Perhaps people once said the exact same thing about the Boer war? The war of 1870? The Napoleon wars? Or in my country the war of 1848-50 and 1864? or even Caesars conquest of Gaul? Time passes, and I think that if you asked similar questions about WWI there would be an even smaller number of people that knew anything at all.
Don't get me wrong, I think it is dreadful that such things are lost in time.
Personally I think it has something to with that I study history at a "professional" level (well nearly there, still studying) at university, that I find it appalling that large parts of the population is living in ignorance about the deeds of our forefathers.
However, it cannot be helped. I think it is natural. Humans in general tend to concentrate more about the things in life that matters right now and less about the history that made their current way of life possible. Many people find it odd that we value these things so much, and collect the relics of a bygone age and read kilometres of pages about the subject. You can lead a horse to water, but you can't make him drink it.
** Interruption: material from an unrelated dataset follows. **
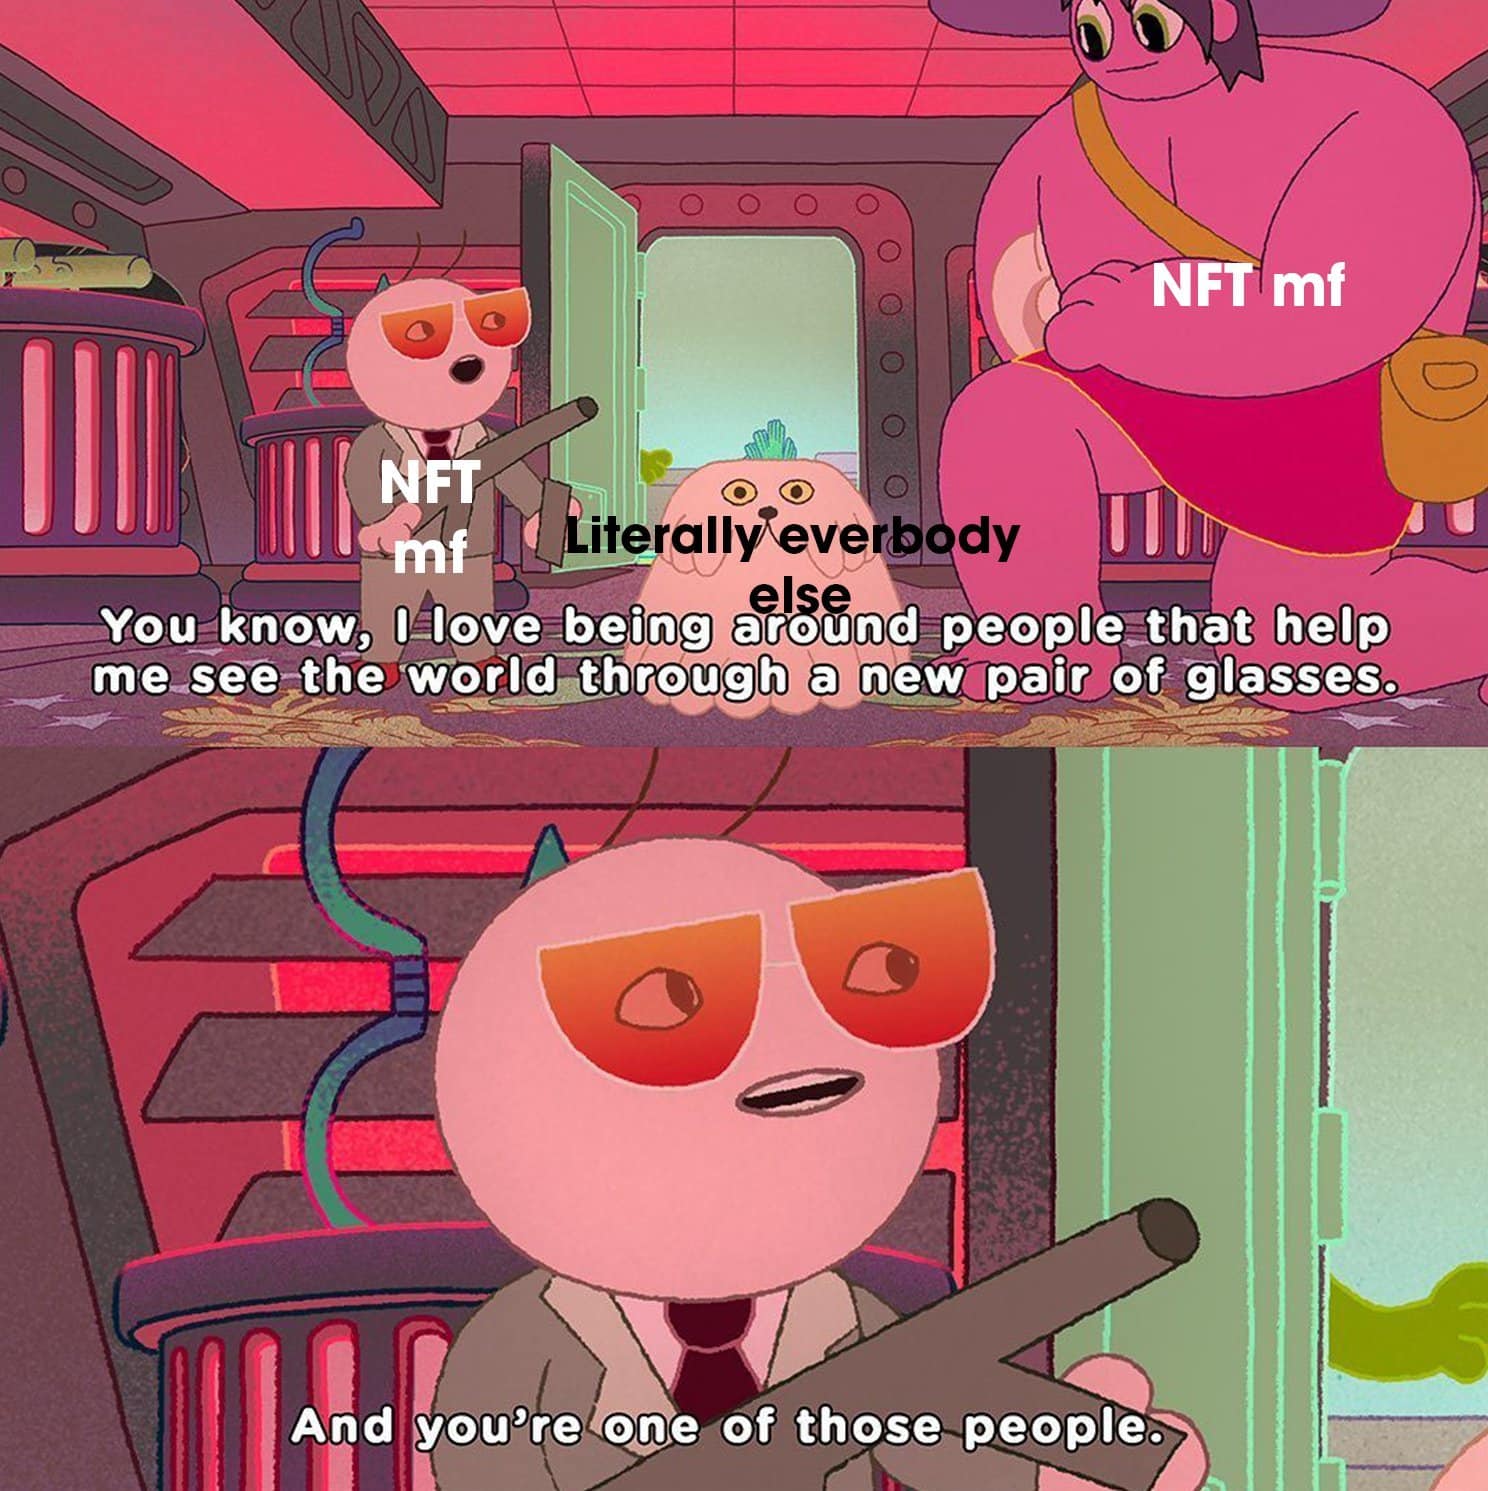 NFT degens vs normal people meme
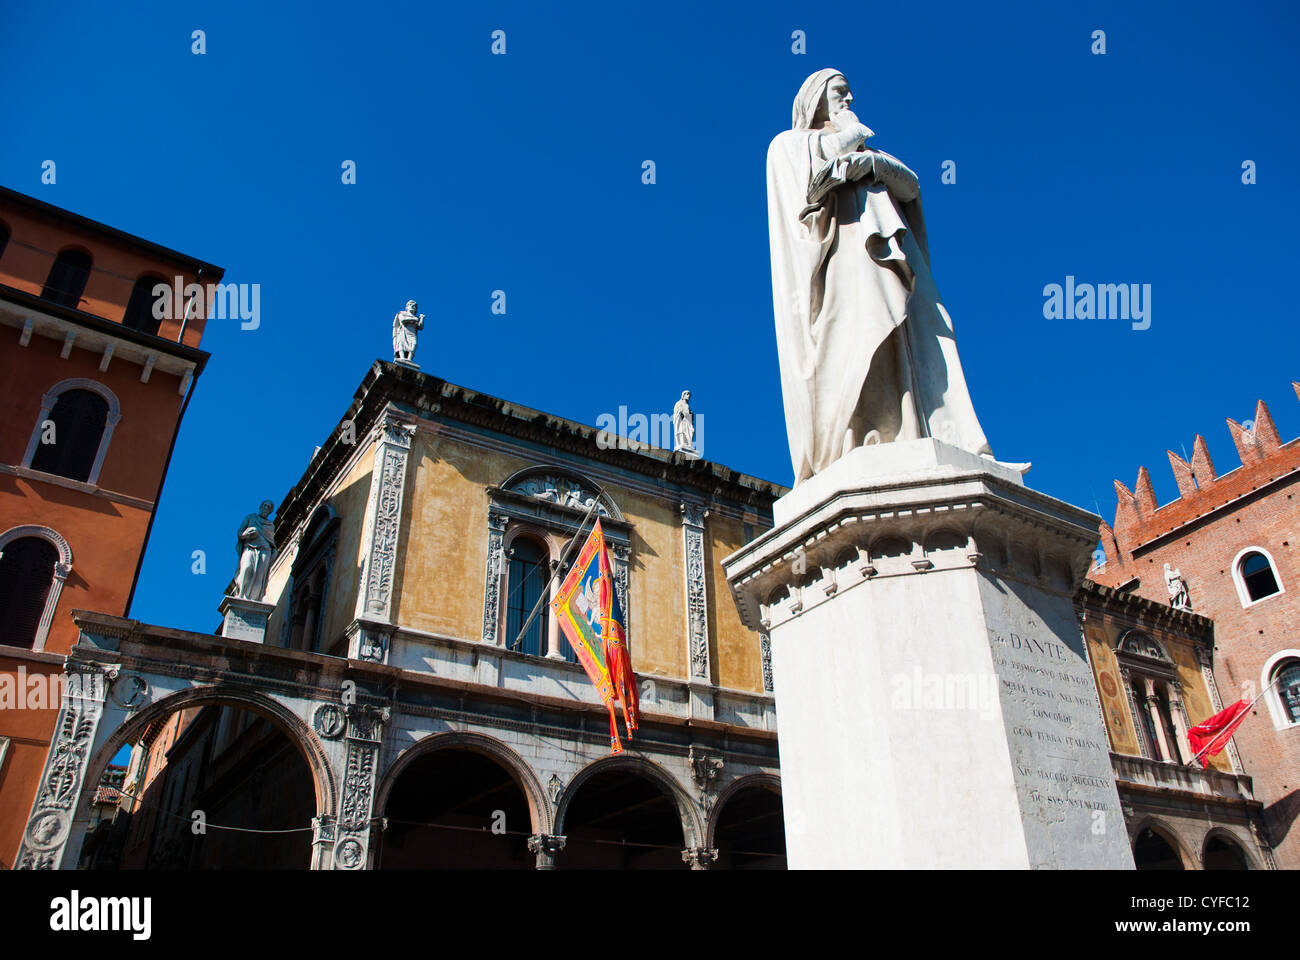 Piazza dei Signori, également connu sous le nom de Piazza Dante à Vérone avec diverses autour de la place des palais et une statue de Dante Alighieri Banque D'Images

We could put an emphasis on WWII in our educational systems (more so than today) but I don't think it would help much.
I think we especially find the collective memory-loss about WWII appalling, since it is the last great conflict (well hopefully the last) in western Europe, and because of Hitler - Nazism - Endlösung. However Hitler was certainly not the first, and he will sadly not be the last to try to "cleans" the lands of so called enemies.
But why should Hitler and the war he began take precedence? Because he is closest to our own time?
I have no final answer for that question. Personally I find all history equally important. Each "story" in their own way.
History is many things. Most people tend to think that history has to be about great men and even greater deeds. But that way the smaller parts in the course of human history are lost. And that I find, is equally saddening.
I have made my peace with the collective memory-loss.
As long as there is at least one person remembering the deeds of our forefathers they have not lived in vain.